You’re numb, Rhee. You’ve been sleepwalking since she died.

  Like you would know. You weren’t there.

  I wasn’t where?

  You weren’t there with me to lower her down.

  The words surprise her, the wide span of their mother’s desert spread out all around them, words she didn’t know were lodged in her throat. That Billie wasn’t there. Their father and her aunt and Beth quiet beside her and Billie nowhere, Billie another half, Billie a twinned life growing up and out of their childhood home, Billie sharing not just T-shirts and combat boots and small rakes planting seeds in their mother’s backyard garden but an entire foundation no one else on Earth could understand, the sole person on this devastated planet who knew their mother in the only way a sister could.

  What do you want me to say? Billie whispers.

  I don’t want you to say anything.

  Do you want me to say I’m sorry?

  I don’t need you to say anything at all. I just wish you could have been there.

  As if I could feel any worse that I wasn’t.

  I’m not blaming you. I’m just telling you what I wanted. I wanted you there.

  Billie clasps her hands together, her elbows bent against her knees.

  I can’t believe I fucked up my life so badly that I couldn’t be there at all.

  Rhiannon focuses on the valley all around them. Sleepwalking. She wonders if it’s true. If she’s been doing nothing but basic functioning, just eating and barely sleeping. Since their mother died but so long before. Since Billie nearly killed herself just to live on her own terms.

  When did you feel alive? Rhiannon whispers.

  What kind of question is that?

  You said you felt dead inside. With Tim. When have you ever felt most alive?

  Do you know what a hawk feels like on your arm?

  Rhiannon keeps her eyes on the valley, the scarlet slope of striated rock.

  I was alive. With Alabama. Feeling her take off from my arm. I was so fucking alive.

  Rhiannon is silent, Billie breathing beside her.

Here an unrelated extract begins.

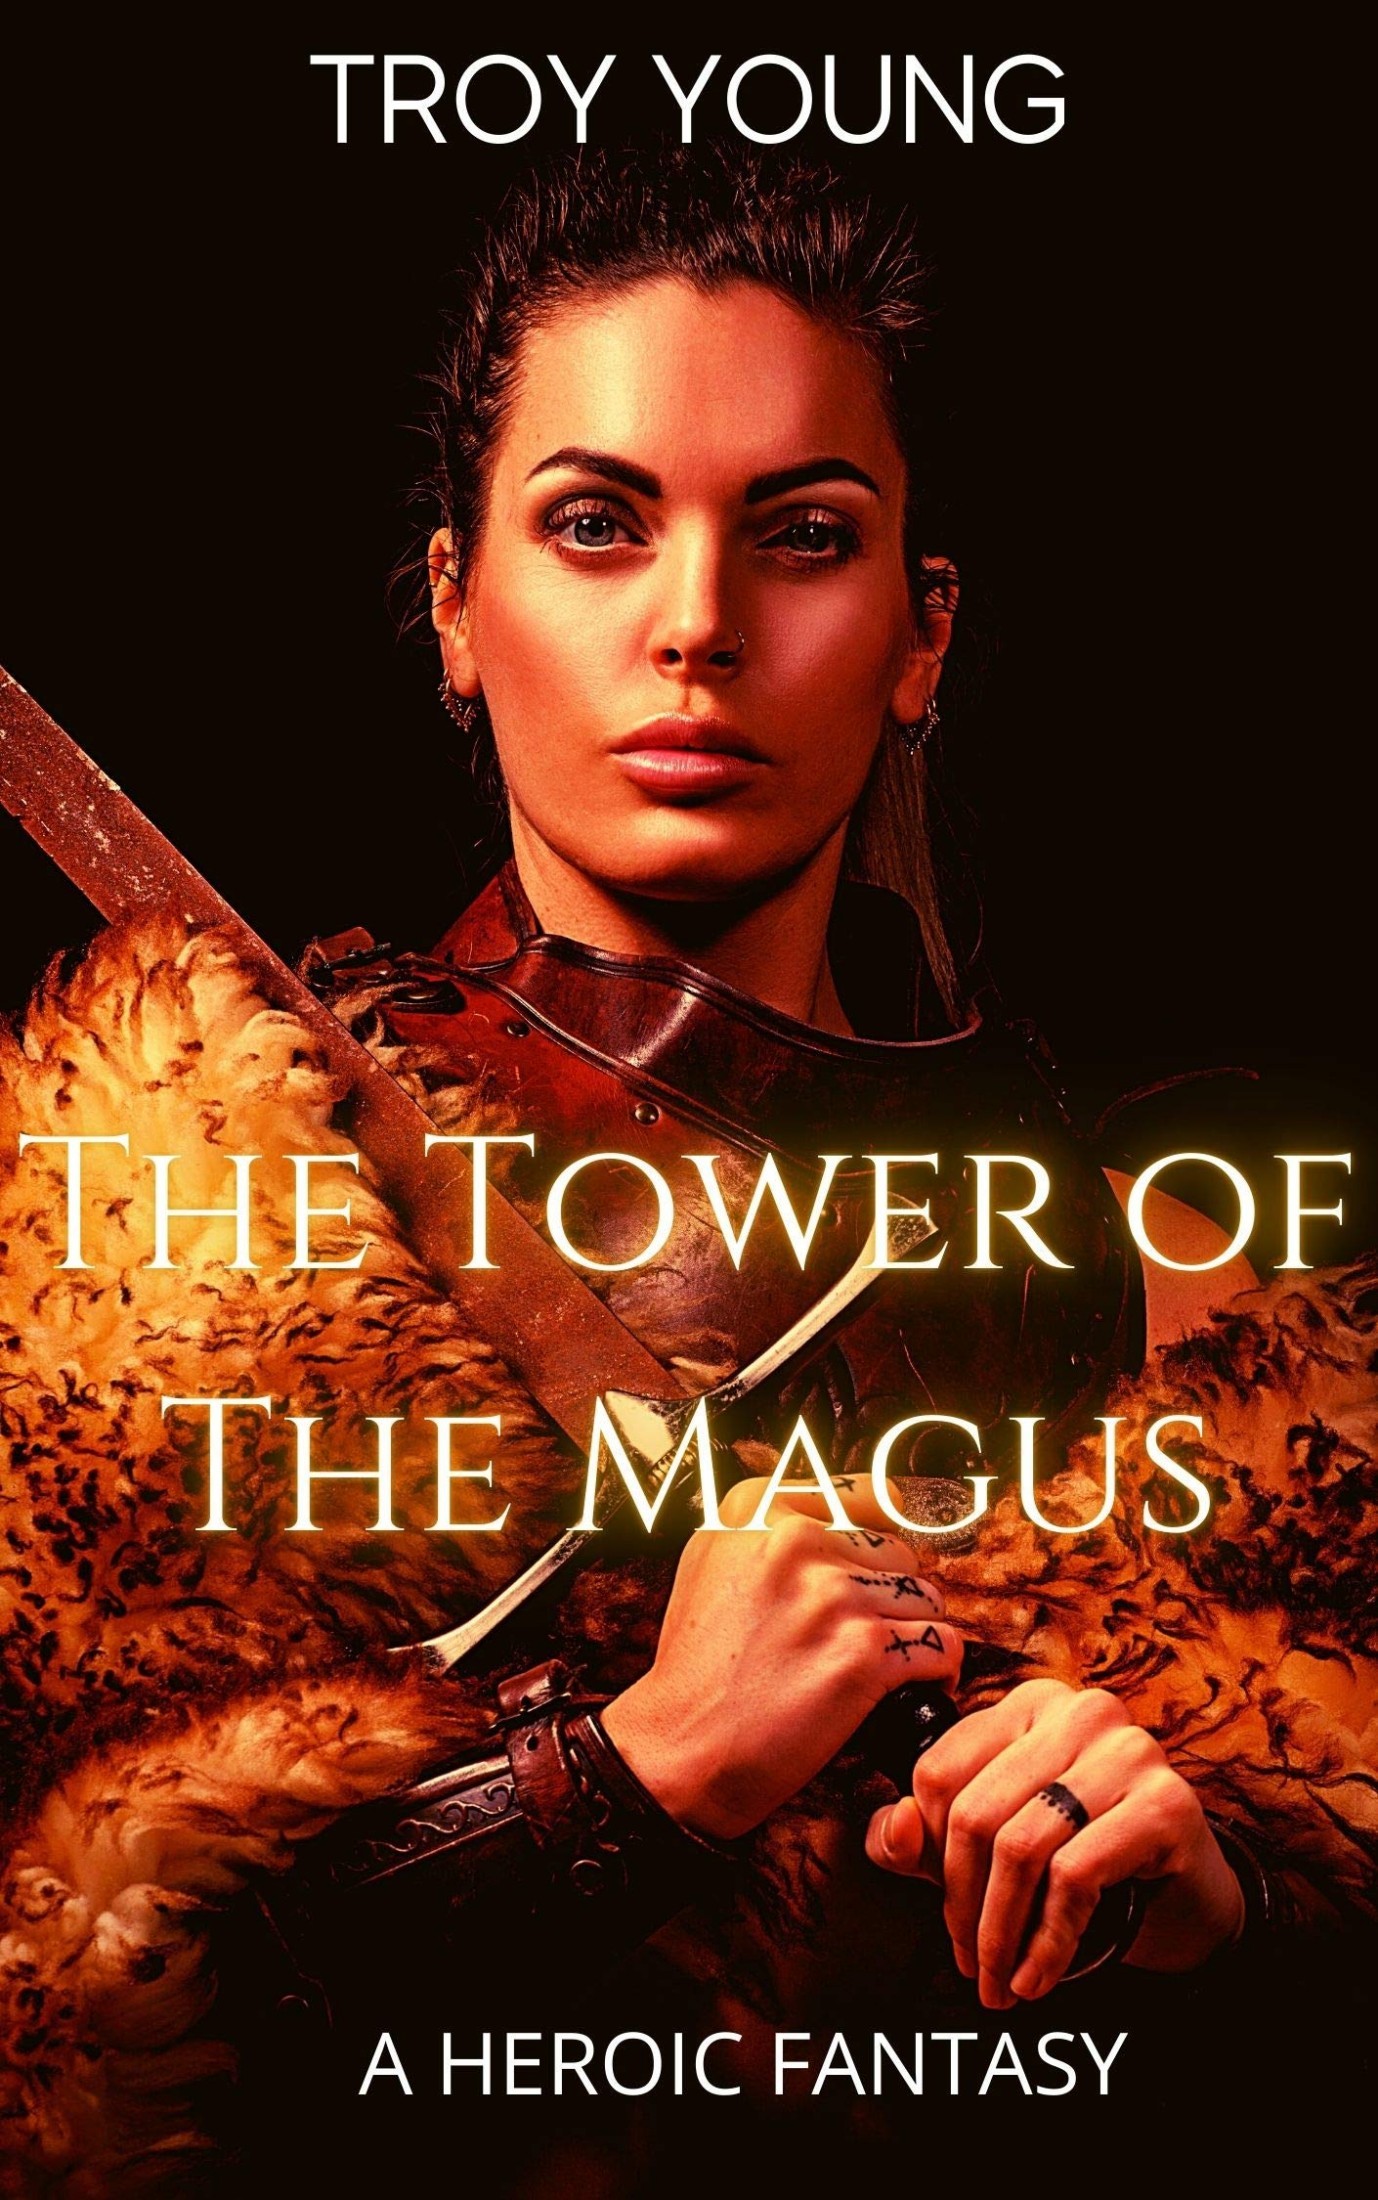 The Tower of the Magus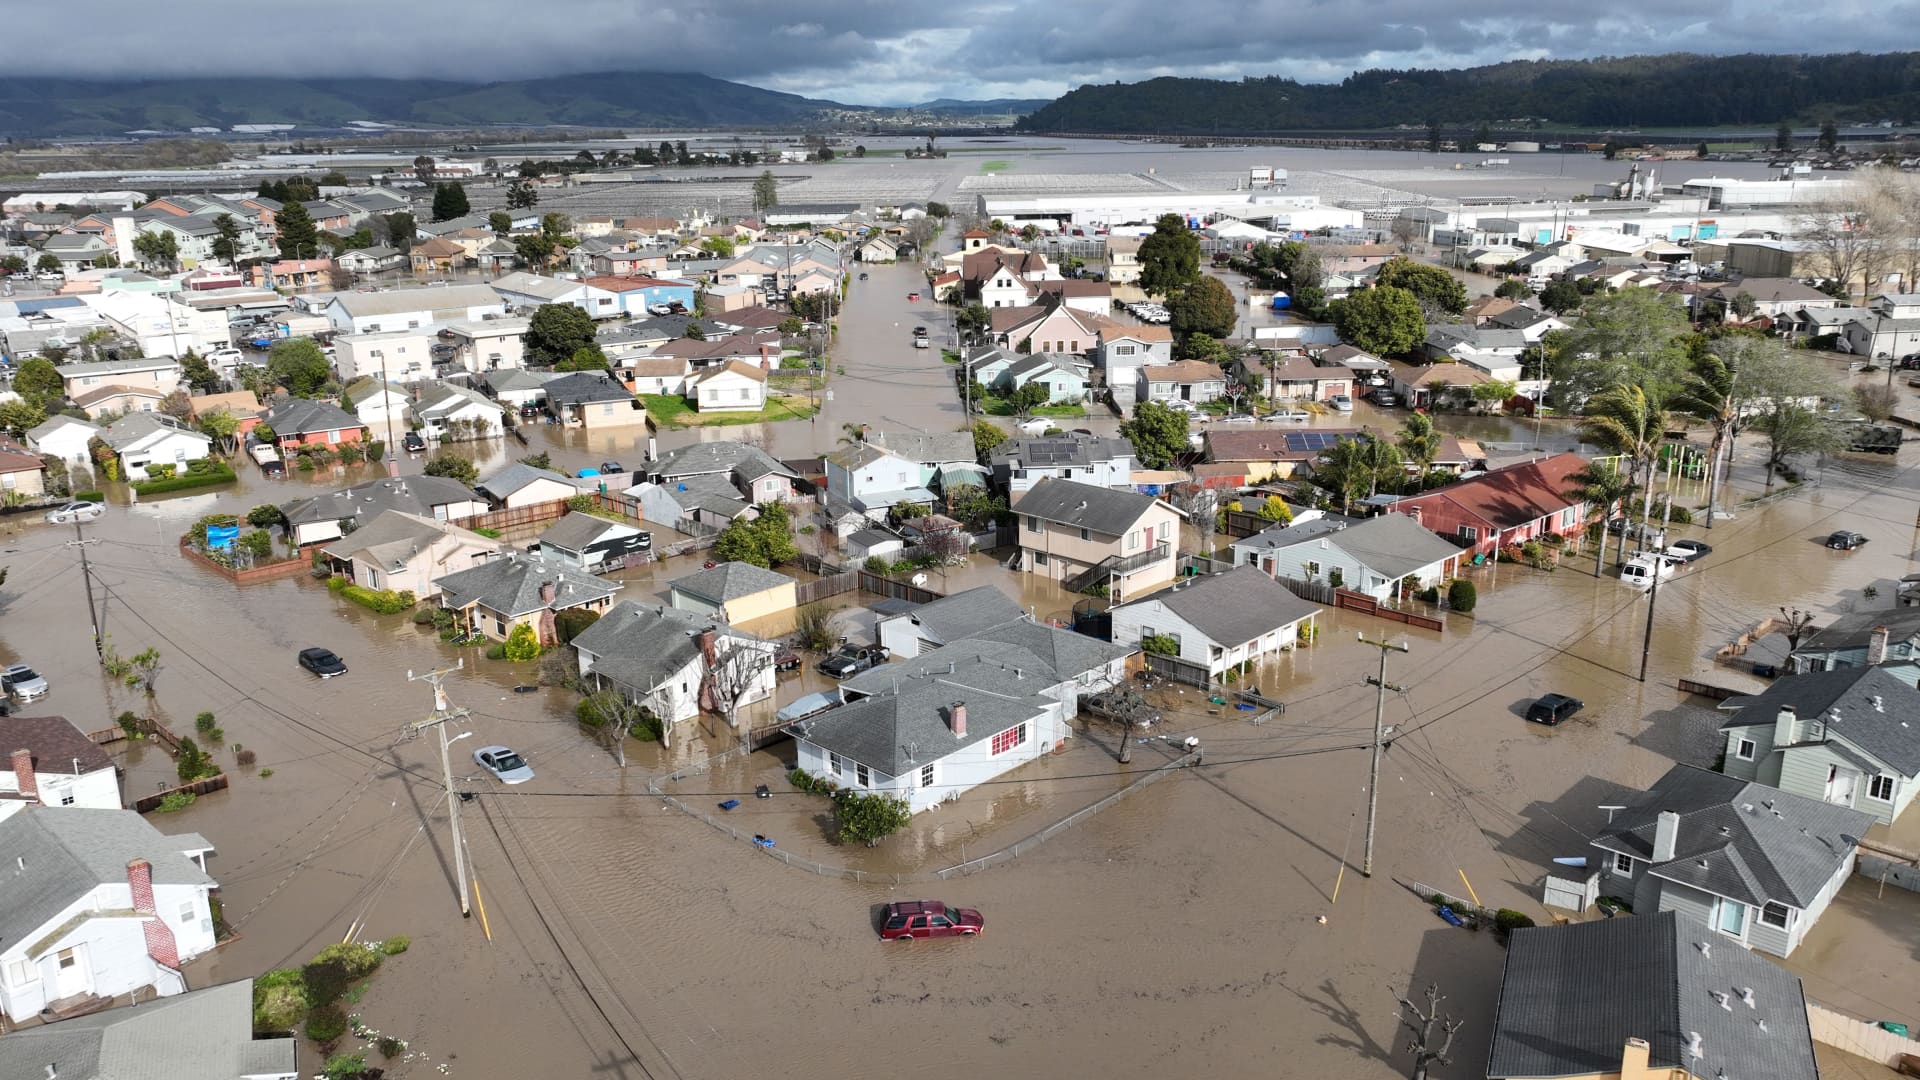 This aerial photograp shows vehicles and homes engulfed by floodwaters in Pajaro, California on Saturday, March 11, 2023.

  What about you? she hears Billie ask.

  Rhiannon closes her eyes and lets her brain catch on the first thing that comes. One memory, maybe two. Her brain releases a flood. Opening the hood of a car for the first time inside their garage on Grove Street, her father letting her fasten and secure the prop rod. Following her mother around the backyard flowerbeds, a green plastic watering can in her small hands. Driving to high school in an old Honda Accord, Billie in the passenger seat, Billie still a freshman and Rhiannon a senior, the one year they shared the building’s walls. Kissing a girl for the first time, the ocean heat of Atlantic City beyond the hotel room’s window. Beth dropping her off outside her house, their first date. Chinese hotpot. Two cups of green tea. A May thunderstorm blowing in when Beth dropped her off afterward and leaned across the driver’s seat before Rhiannon got out, lightning flashing beyond the car’s windows. The damp-soft of Beth’s mouth against hers. Beth calling the next morning. Beth calling every morning after. And the raceway. Talladega. Pocono. Indianapolis. Daytona Beach. The same thrill as the Mustang gunning them across Missouri and across Kansas straight into Colorado and New Mexico and now the layered rock of Utah where their mother stood and said here.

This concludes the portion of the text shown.